Undermined by Inflation, Bitcoin Plunges on the Eve of the ‘Merger’

Bitcoin was under pressure on Wednesday, the day after the release of stronger-than-expected inflation in the United States and on the eve of the major change in its main competitor Ether’s transaction validation system, dubbed “The Merge”.

Like the stock markets, the queen of cryptos has given up a good chunk of gains made over the past seven days. While surging to around $22,800, bitcoin’s price plunged back below $20,000 on Tuesday following the Consumer Price Index (CPI) release, up 0.1% over a month in August amid the financial world a slowdown expected of the same magnitude.

As of midday Wednesday, bitcoin was trading around $20,350 on the Bitstamp platform, down almost 10% over 24 hours but still up 8.5% weekly. The market cap is $388 billion, up about $28 billion from a week earlier.

The cryptosphere’s attention has also increasingly turned to the world’s number two by volume, Ether, whose Ethereum blockchain is expected to undergo a radical shift overnight from Wednesday to Thursday, from a Proof-of-Work to Proof-of-Stake consensus mechanism.

Notably, “The Merge” should result in a 99.95% reduction in electricity consumption, a strong case for Bitcoin’s first rival at a time when energy prices are skyrocketing. A failed operation, often described as changing the engine of a moving car, is considered unlikely, but cannot be ruled out.

The amounts involved are significant, with Ether’s market cap approaching nearly $200 billion, not counting applications also weighing billions that are based on the same blockchain, including many decentralized finance (DeFi) platforms, cryptocurrencies backed by escrow currencies (stablecoins) or non-fungible tokens are covered (NFT).

danger of centralization

More and more voices are being raised to denounce the “centralization” tendencies of the big “merger,” such as Sergey Vasilchuck, chief executive officer (CEO) of staking service provider Everstake. According to him, the number of validators who are supposed to secure the network by investing at least 32 ethers (around $51,000) is far too high.

“There should be 400,000 validators in the new network,” he explained in an interview. “But I can’t imagine that everyone guarantees the necessary availability almost 100 percent,” the Ukrainian continues. If many of them “burn their fingers” and lose their money, an increasing centralization of the blockchain could not be ruled out.

Sergey Vasilchuck is even harder on crypto exchanges, which are expected to play a major role in the transition. “Binance, Coinbase and Kraken already own over 32% of the Ethereum tokens used for staking,” he says, and the exchanges do not use their own staking resources, but rather those of their customers.

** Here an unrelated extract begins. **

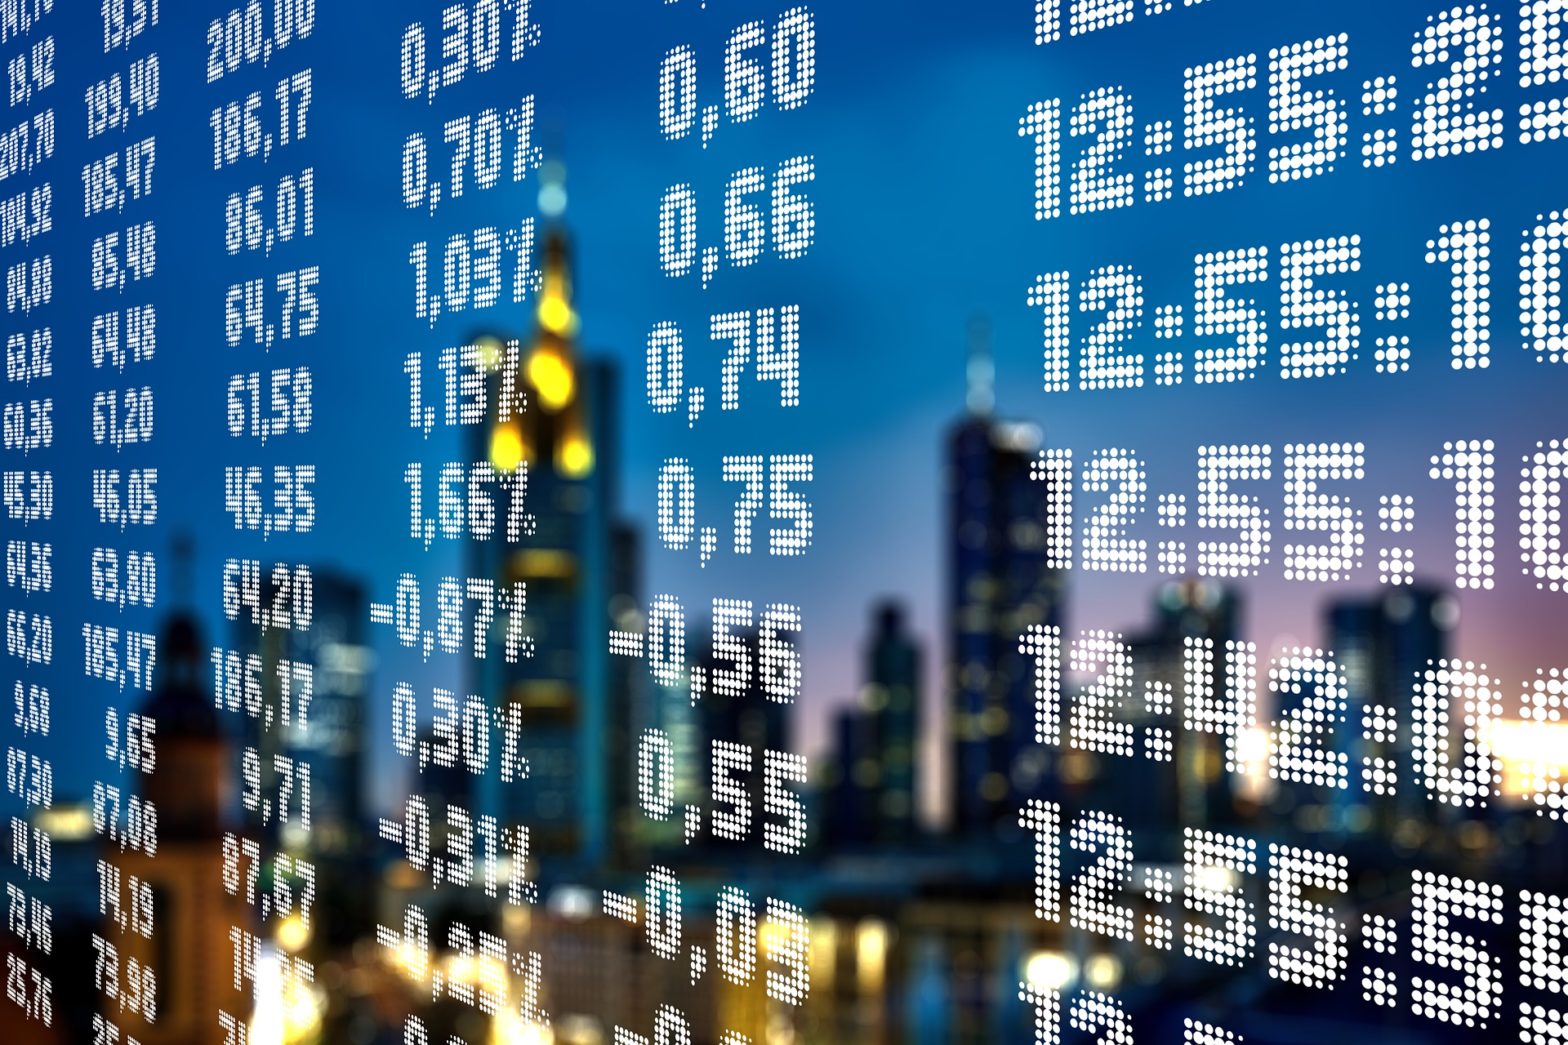 Börsenkurse im Display mit Wolkenkratzern im Hintergrund
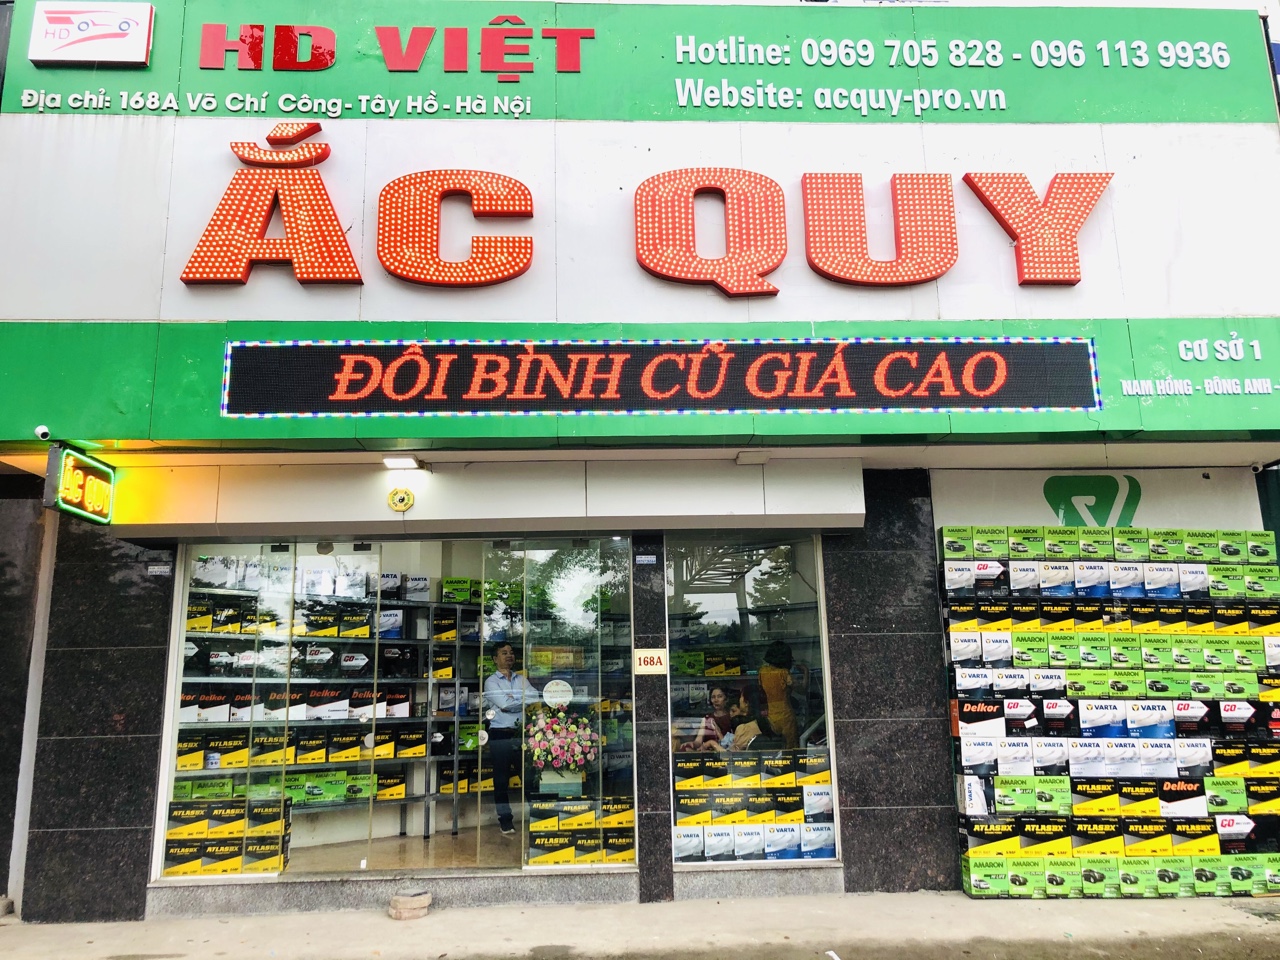 HD Việt Đại lý ắc quy Varta chính hãng giá rẻ tại Hà Nội

The CEO of Everstake also reminds that around 50% of Ethereum’s network nodes depend on Amazon Web Services (AWS). If the e-commerce giant subsequently regulates or restricts its service, it could become a “huge and dangerous problem,” according to Sergey Vasilchuck, who believes “this addiction will overtake us sooner or later.”

While waiting to molt, Ether followed the same rate as Bitcoin, returning almost 6.6% to nearly $1600 in one day, although the weekly performance still shows a positive balance of 2.9%.

The market value of around 13,000 virtual currencies listed on the specialized website CoinGecko has passed the $1037 billion threshold.